Information supplied -
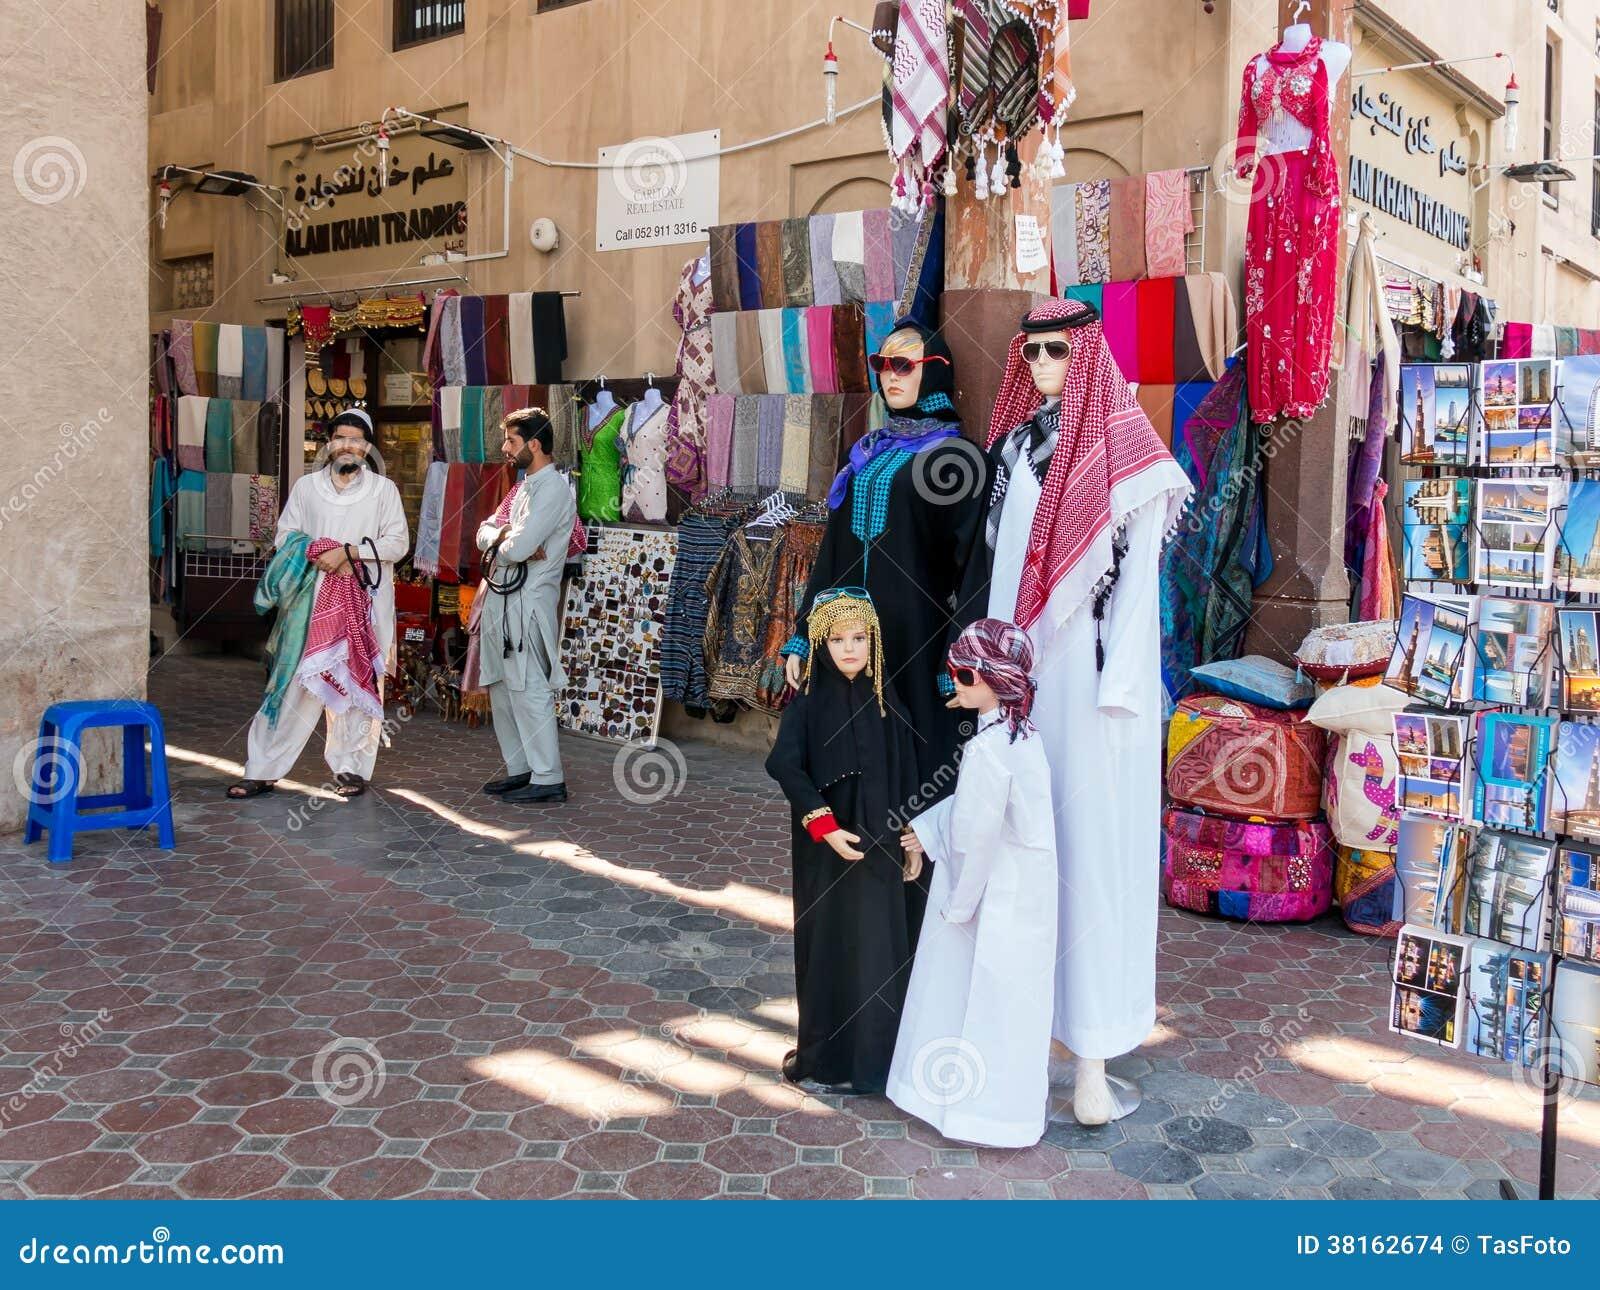 Shop In Textile Souk Bur Dubai In Dubai Editorial Stock
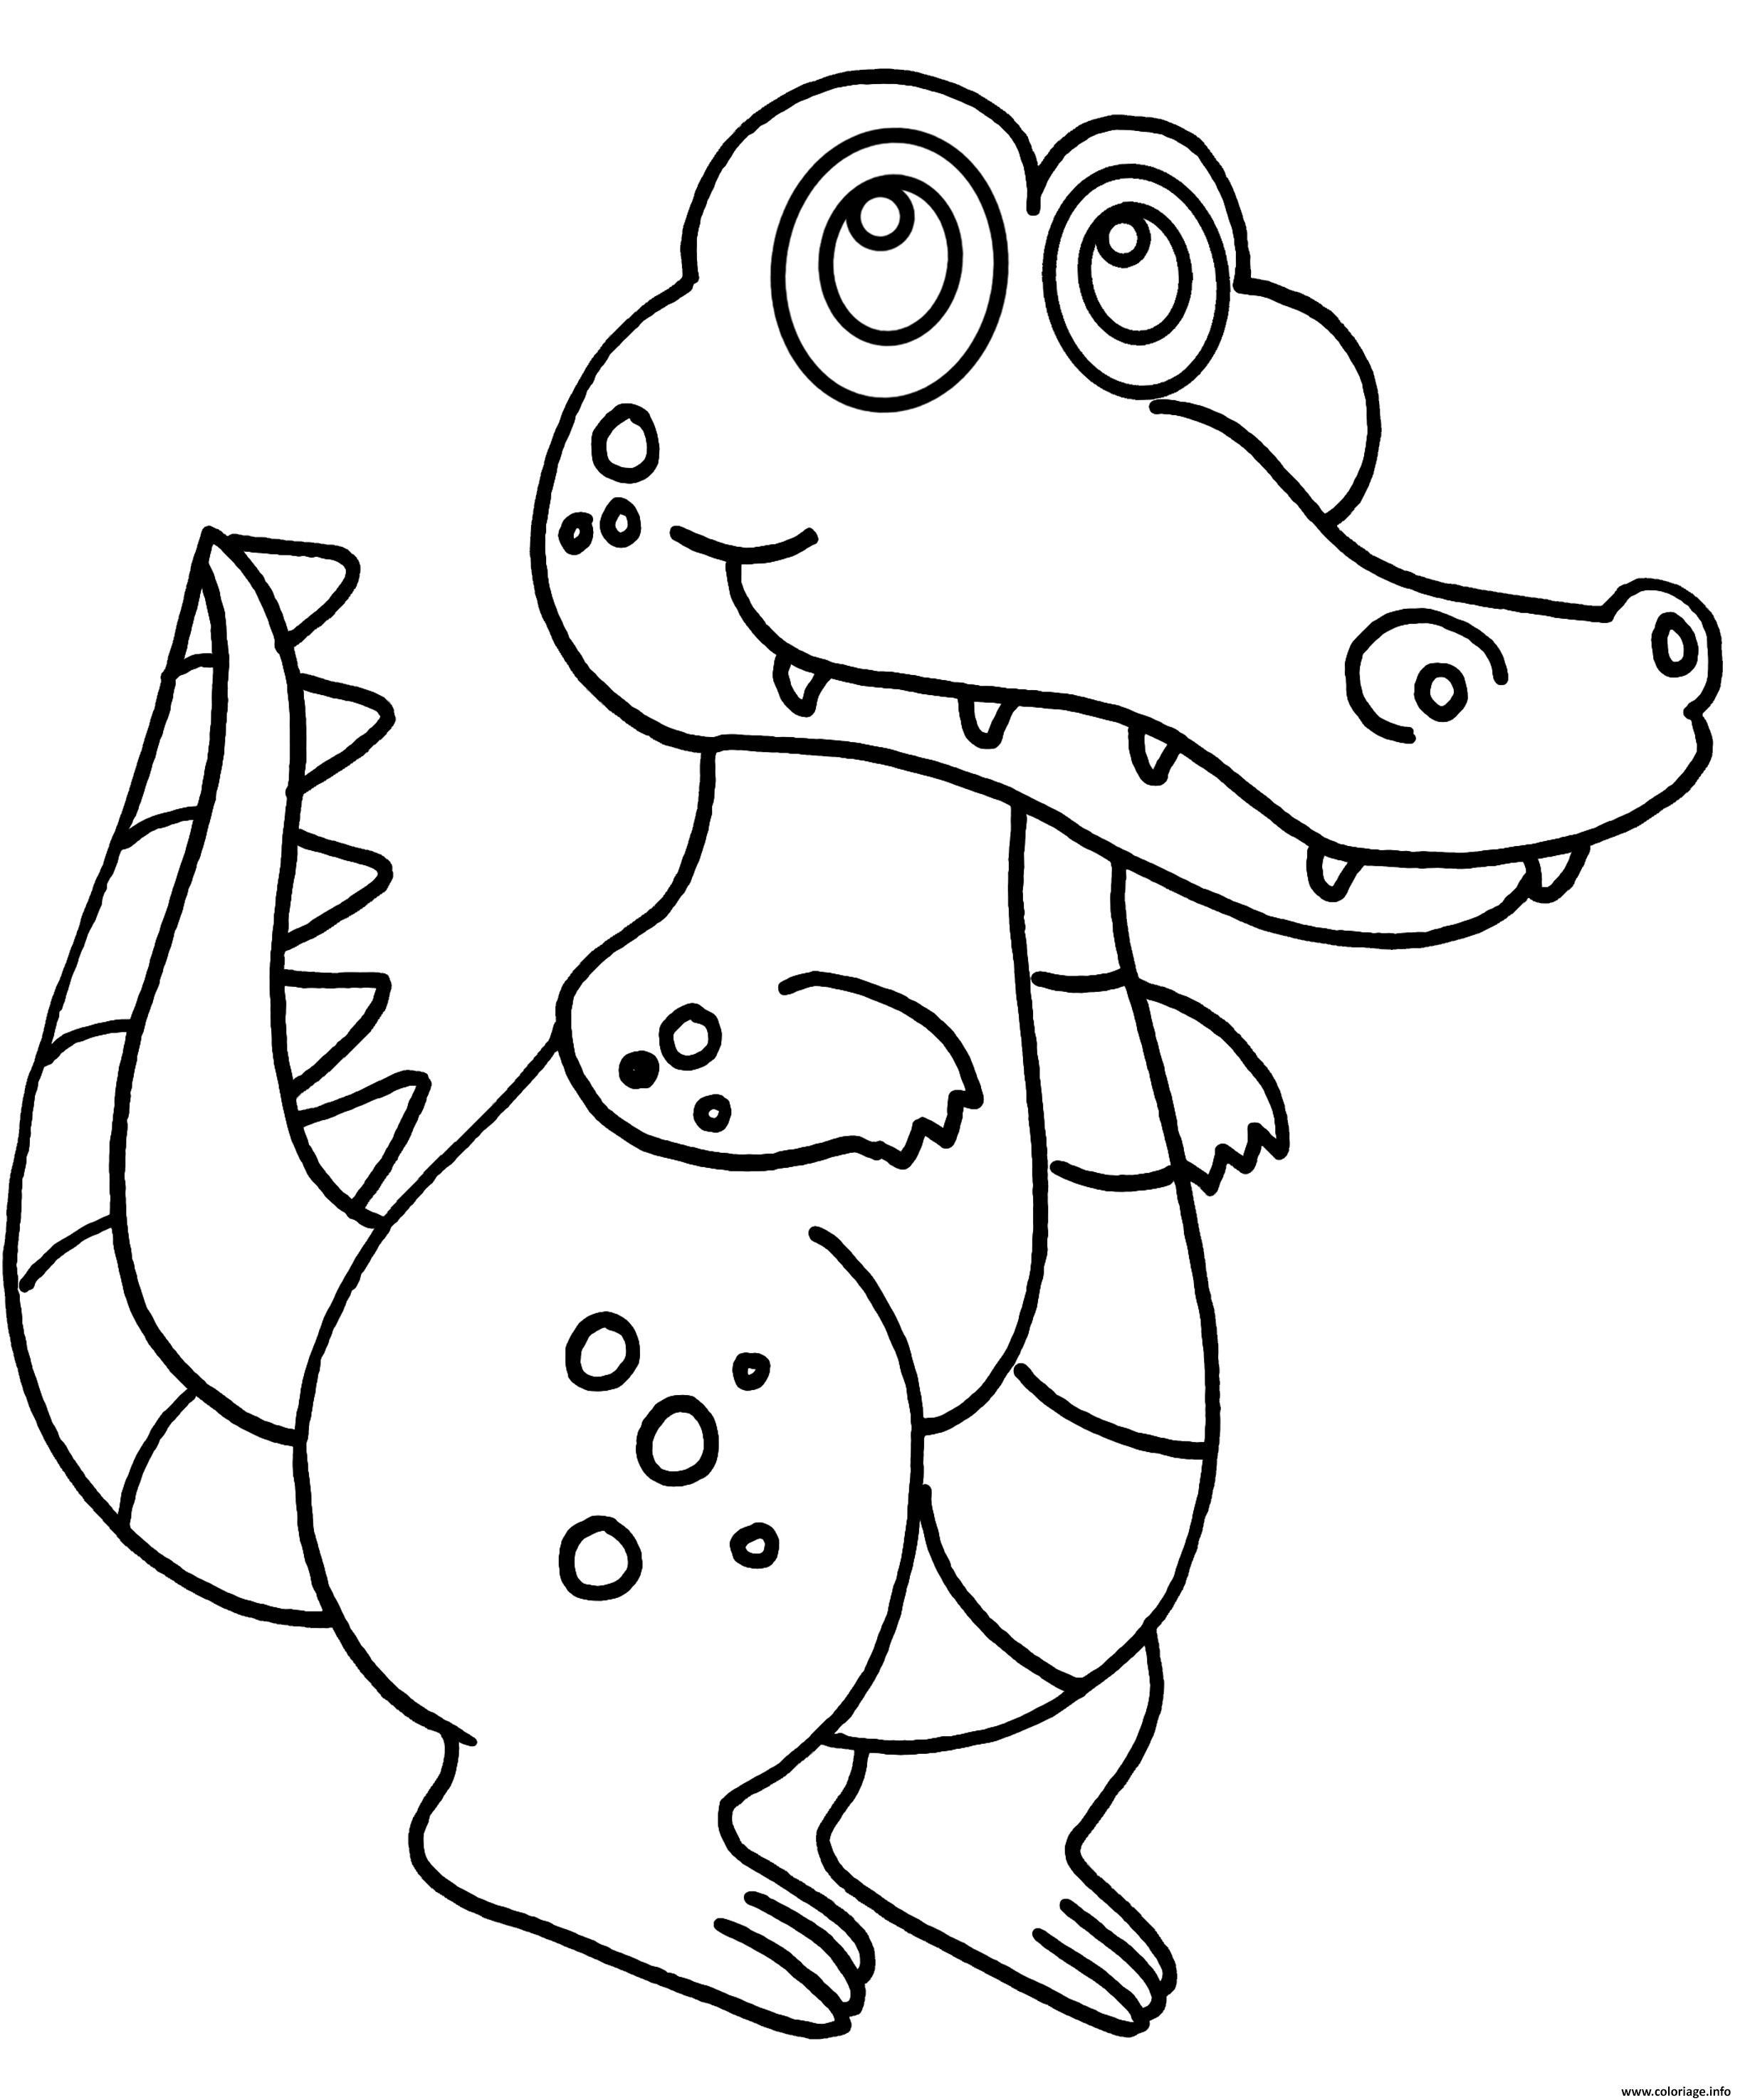 Coloriage Bebe Crocodile Marrant Dessin Crocodile A Imprimer
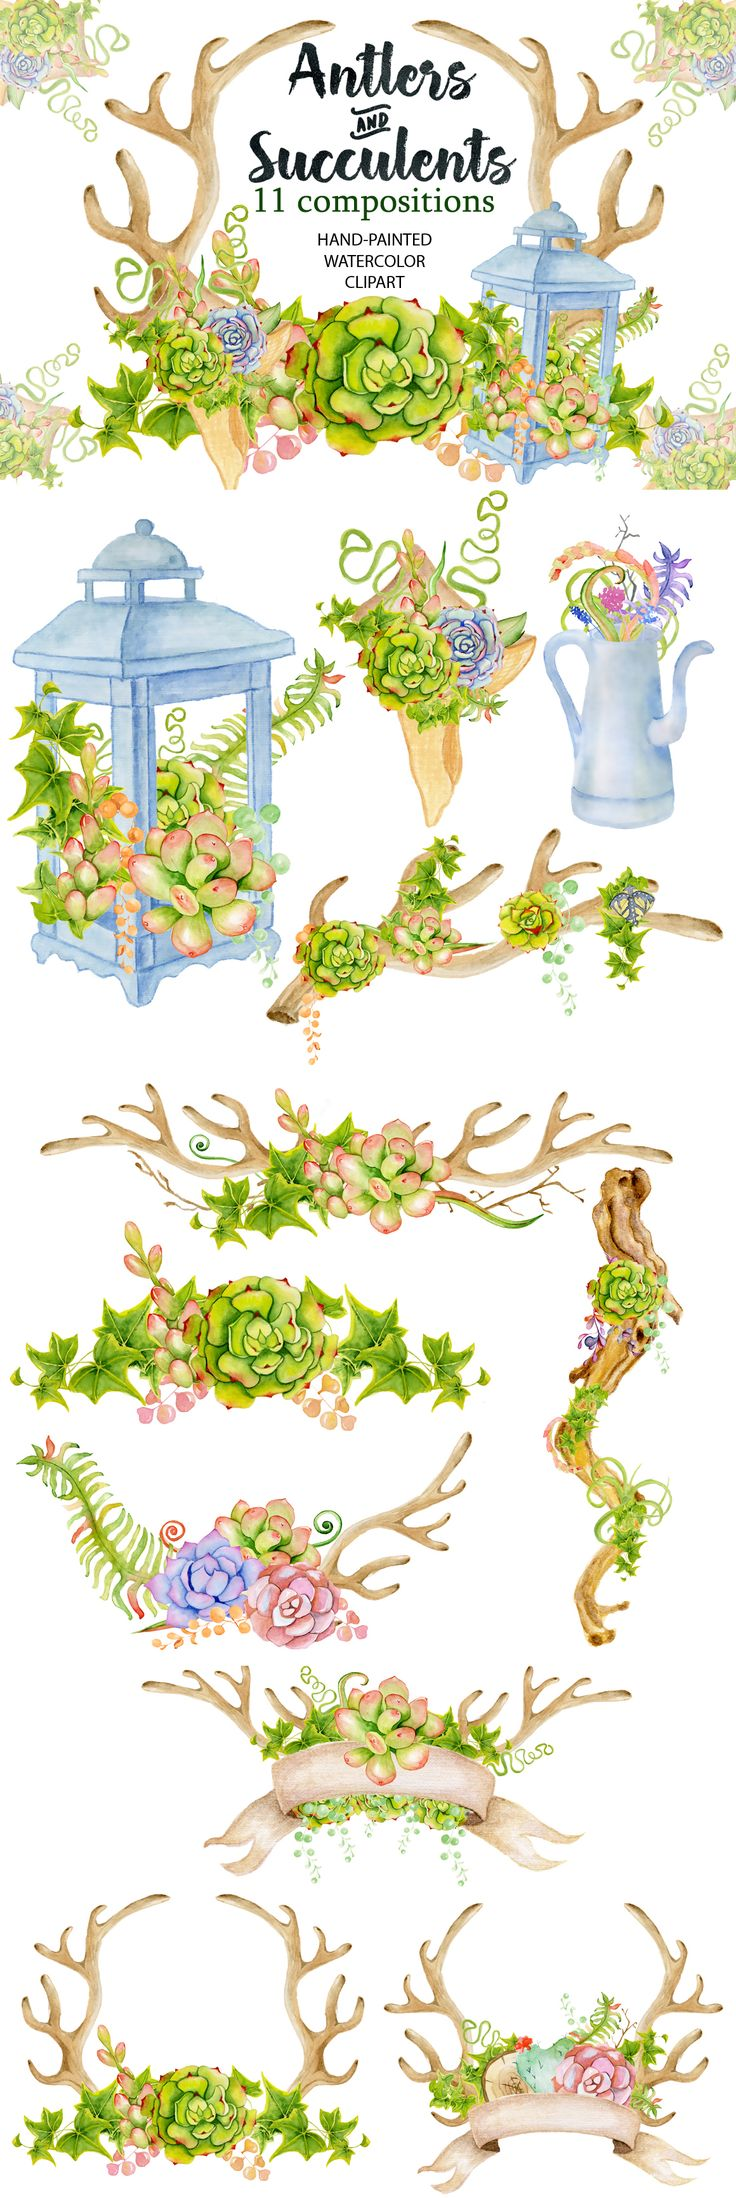 Antlers clip art, succulents clip art, watercolor clip art, watercolor antlers, floral antlers, floral clip art, digital, wedding bouquet
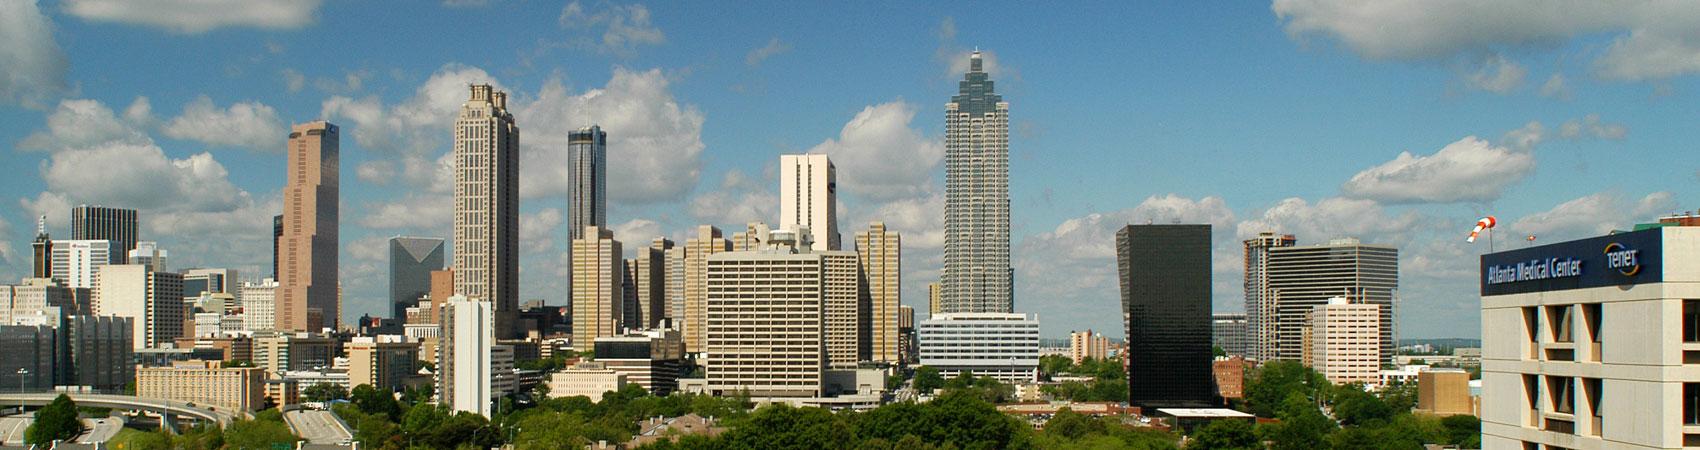 Atlanta-Skyline-1700x450

What you have to do - Word for word, repeat the lines of data above, omitting every picture.

Solved problem -
 Shop In Textile Souk Bur Dubai In Dubai Editorial Stock
 Coloriage Bebe Crocodile Marrant Dessin Crocodile A Imprimer
 Antlers clip art, succulents clip art, watercolor clip art, watercolor antlers, floral antlers, floral clip art, digital, wedding bouquet
 Atlanta-Skyline-1700x450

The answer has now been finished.